Thank you very much.
Unfortunately, I wasn't here for your presentation, but I read it last night. I could actually relate to it, having worked in a workplace where I was sexually harassed.
I worked for probation and parole services, and I remember when the mandate came in for harassment training and everybody had to take it. I remember going to this one institution for that training and someone walked in and said, “I'm not sitting beside that person,” and took their chair and moved it away. I know how it feels and how that other person must have felt. Here we were in a harassment training course. It was already there and that poisoned environment just continued to build.

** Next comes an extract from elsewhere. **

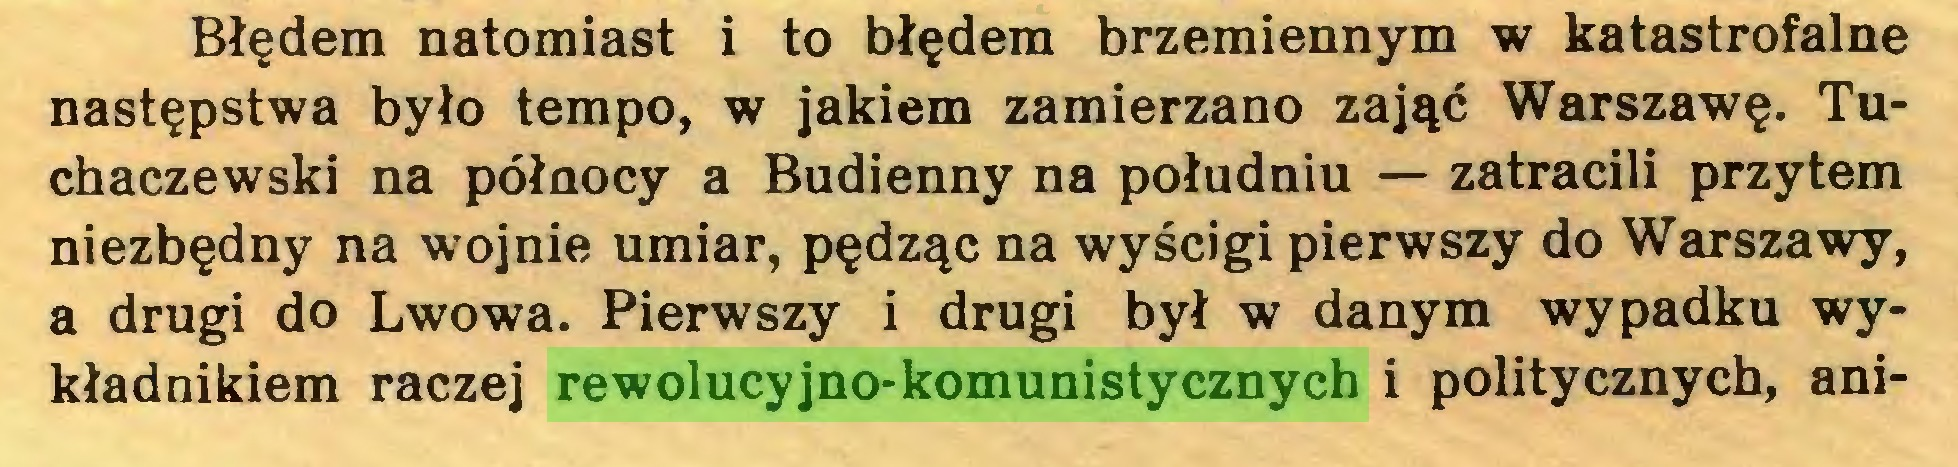 (...) Błędem natomiast i to błędem brzemiennym w katastrofalne następstwa było tempo, w jakiem zamierzano zająć Warszawę. Tuchaczewski na północy a Budienny na południu — zatracili przytem niezbędny na wojnie umiar, pędząc na wyścigi pierwszy do Warszawy, a drugi do Lwowa. Pierwszy i drugi był w danym wypadku wykładnikiem raczej rewolucyjno-komunistycznych i politycznych, ani...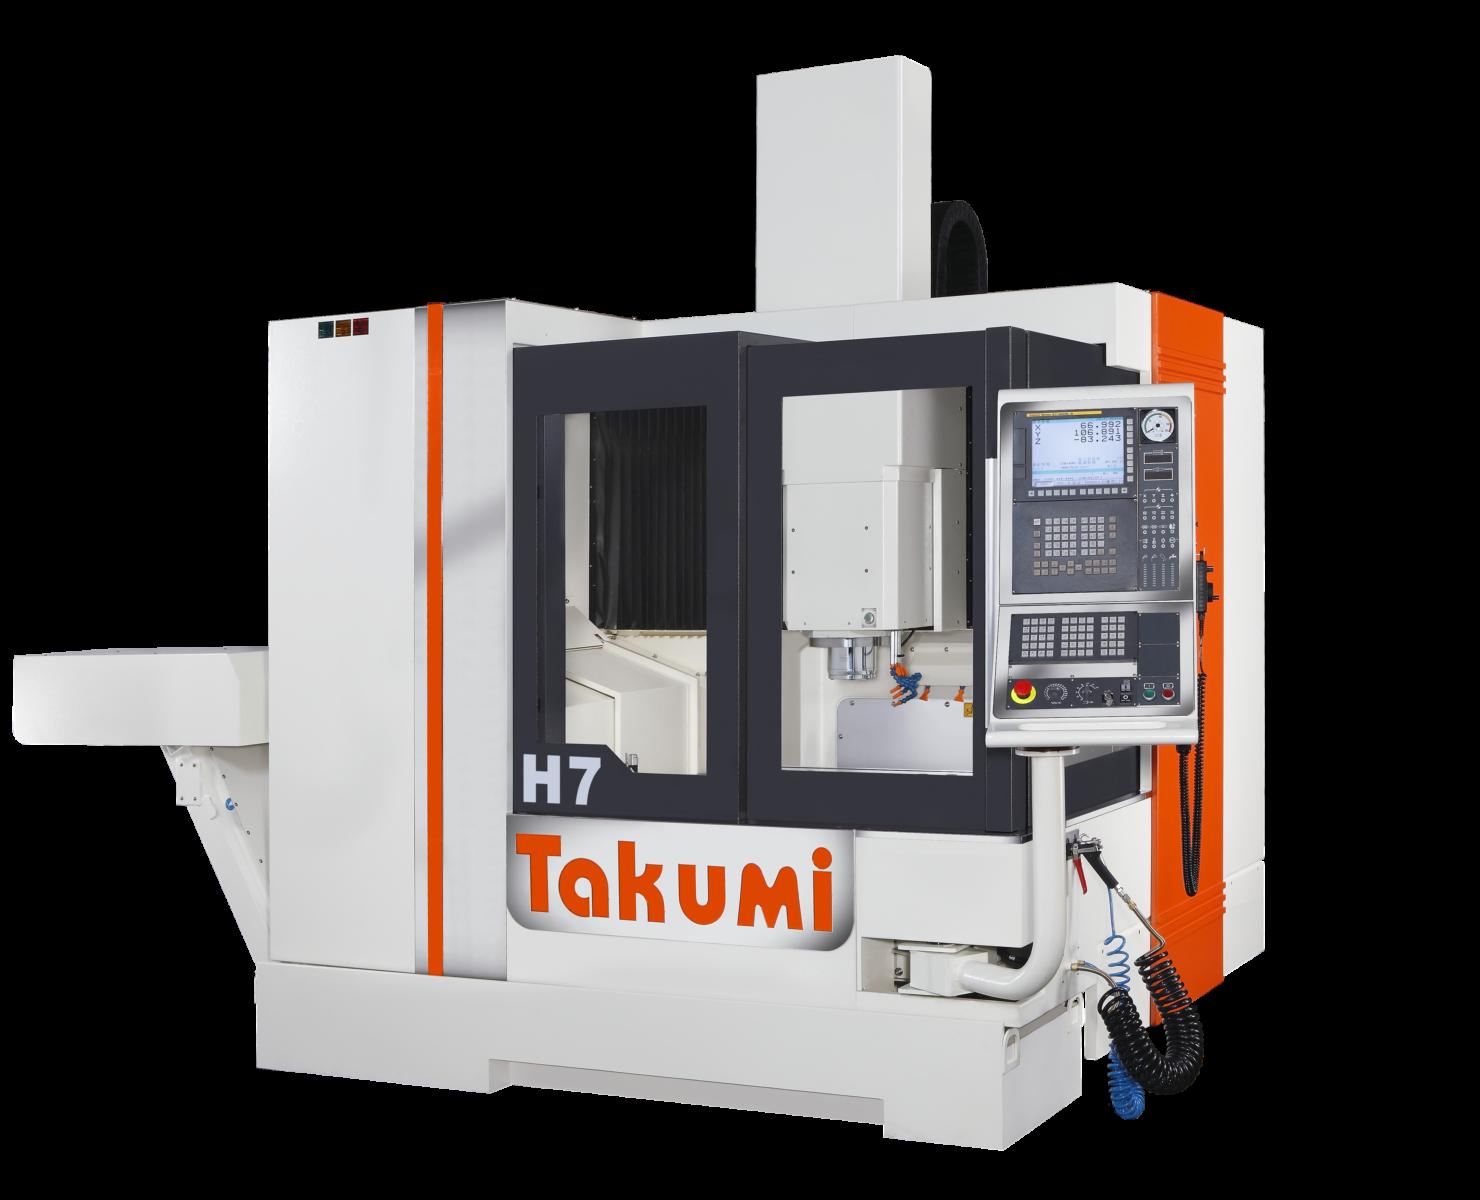 Takumi H7: 3-assig bewerkingscentrum met Heidenhain-regeling voor matrijzen en mallen.

We know that it's not just the employees who need to take this training. Supervisors, managers, and everyone in the workplace should take these courses. Regardless of whether someone has taken a course or not, we continue to see these events take place.
With the recent story that broke involving Staff Sergeant Caroline O'Farrell, we see it's the same thing again. You and she had repeatedly mentioned this to your superiors and very little action was taken, or if action was taken, the victim was actually victimized again.
Many experts have agreed that one of the first barriers to reporting sexual harassment in the workplace is the fear of retaliation, which you have talked about, as has the staff sergeant. In the RCMP, have you seen the existence of a mechanism, effective or not, that aims to avoid and prevent reprisals? I am wondering if you have seen something like that.